* _RECORD SET_:
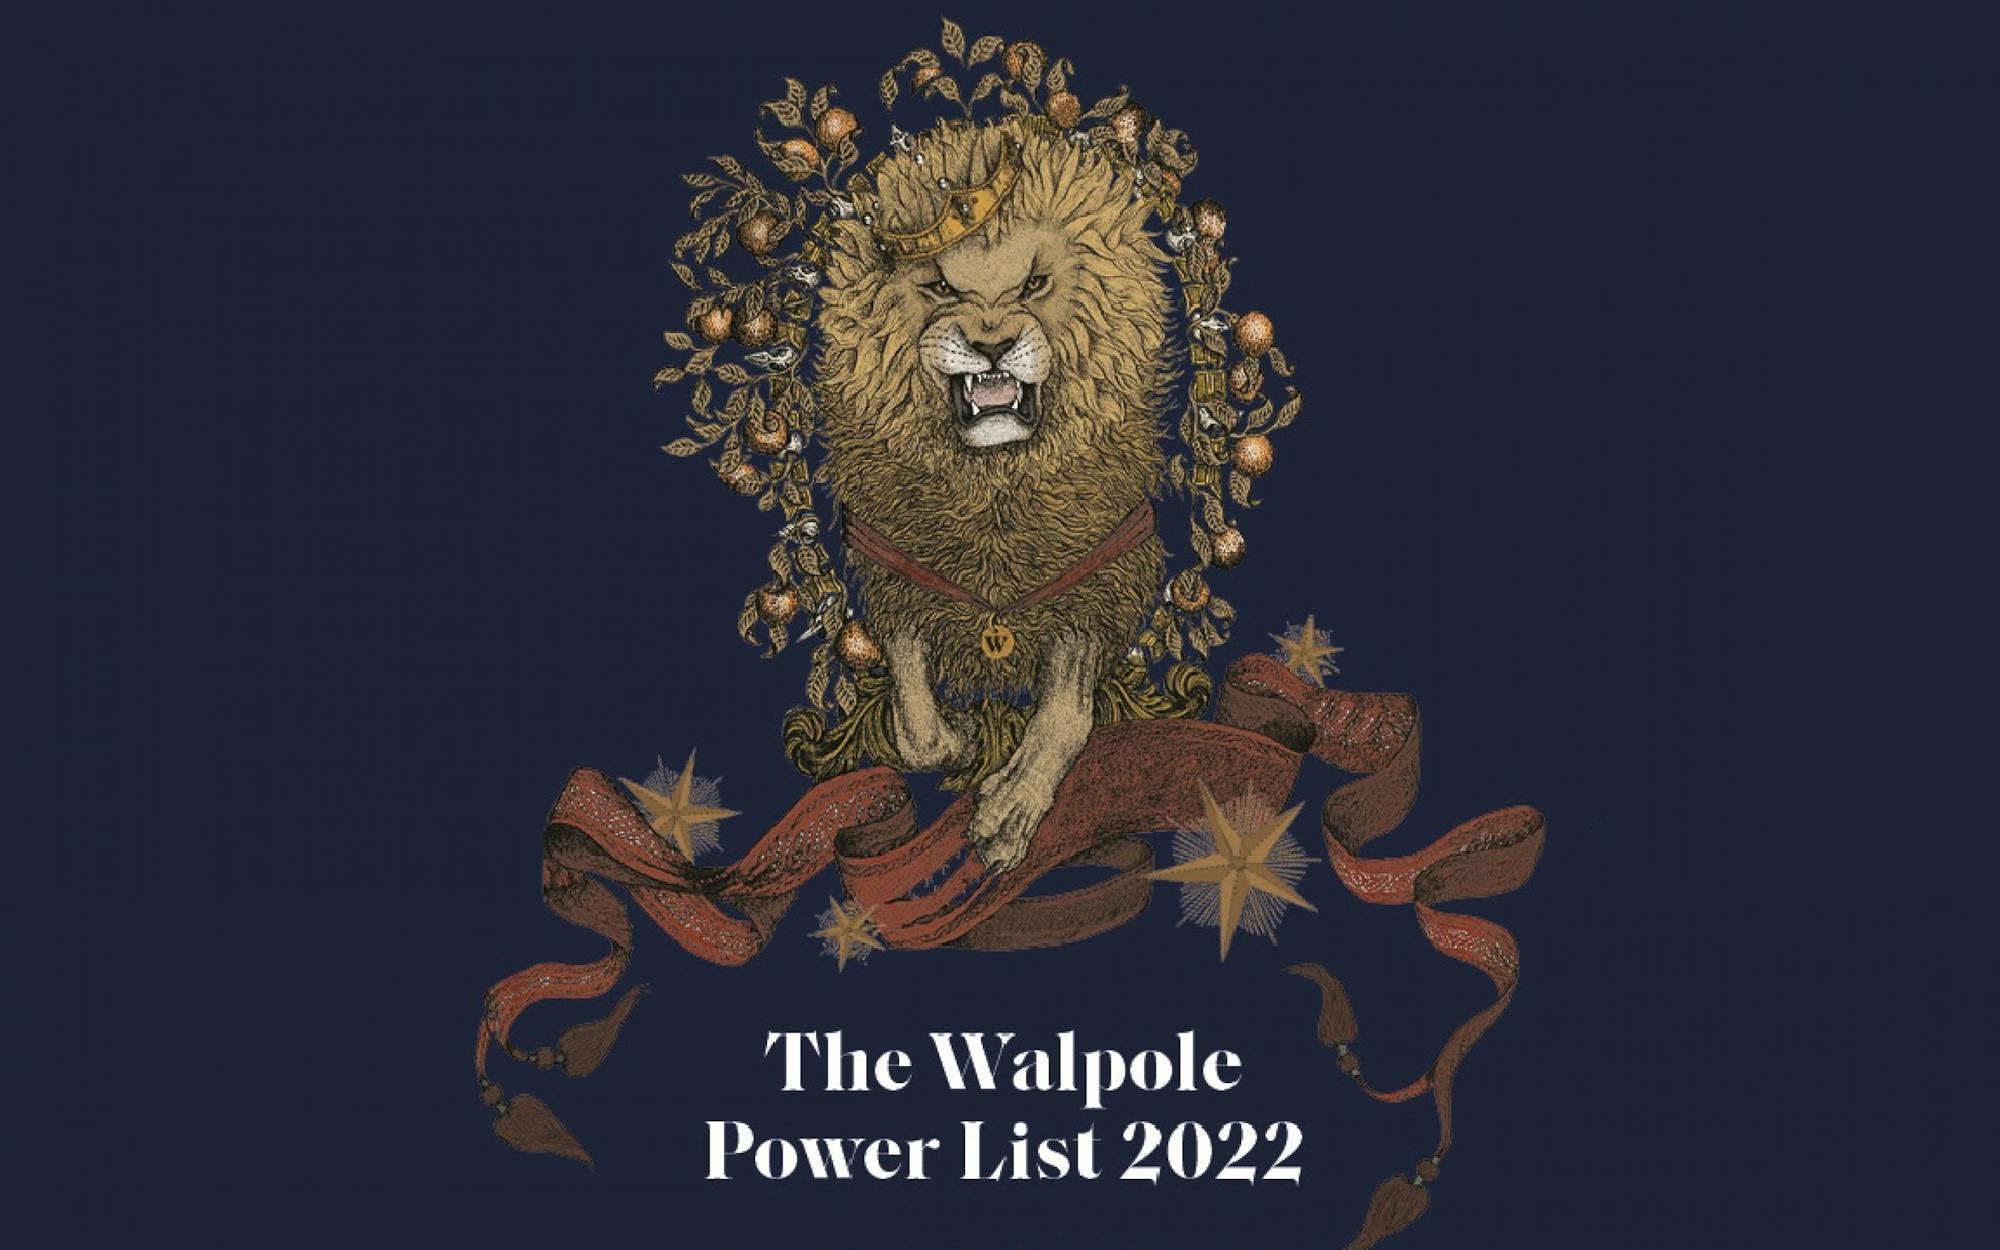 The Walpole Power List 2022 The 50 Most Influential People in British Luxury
==
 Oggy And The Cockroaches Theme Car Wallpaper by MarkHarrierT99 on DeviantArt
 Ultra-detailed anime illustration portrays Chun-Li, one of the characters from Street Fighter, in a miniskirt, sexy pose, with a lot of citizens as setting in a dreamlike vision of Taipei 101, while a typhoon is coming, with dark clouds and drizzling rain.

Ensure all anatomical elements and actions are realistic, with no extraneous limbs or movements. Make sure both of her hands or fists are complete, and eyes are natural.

* _INSTRUCTIONS TO FOLLOW_:
Starting with the line that holds "Ultra-detailed anime illustration" and ending with the line that holds "Ensure all anatomical", retype every line in the data above exactly, and nothing else.

* _EXPECTED ANSWER_:
 Ultra-detailed anime illustration portrays Chun-Li, one of the characters from Street Fighter, in a miniskirt, sexy pose, with a lot of citizens as setting in a dreamlike vision of Taipei 101, while a typhoon is coming, with dark clouds and drizzling rain.

Ensure all anatomical elements and actions are realistic, with no extraneous limbs or movements. Make sure both of her hands or fists are complete, and eyes are natural.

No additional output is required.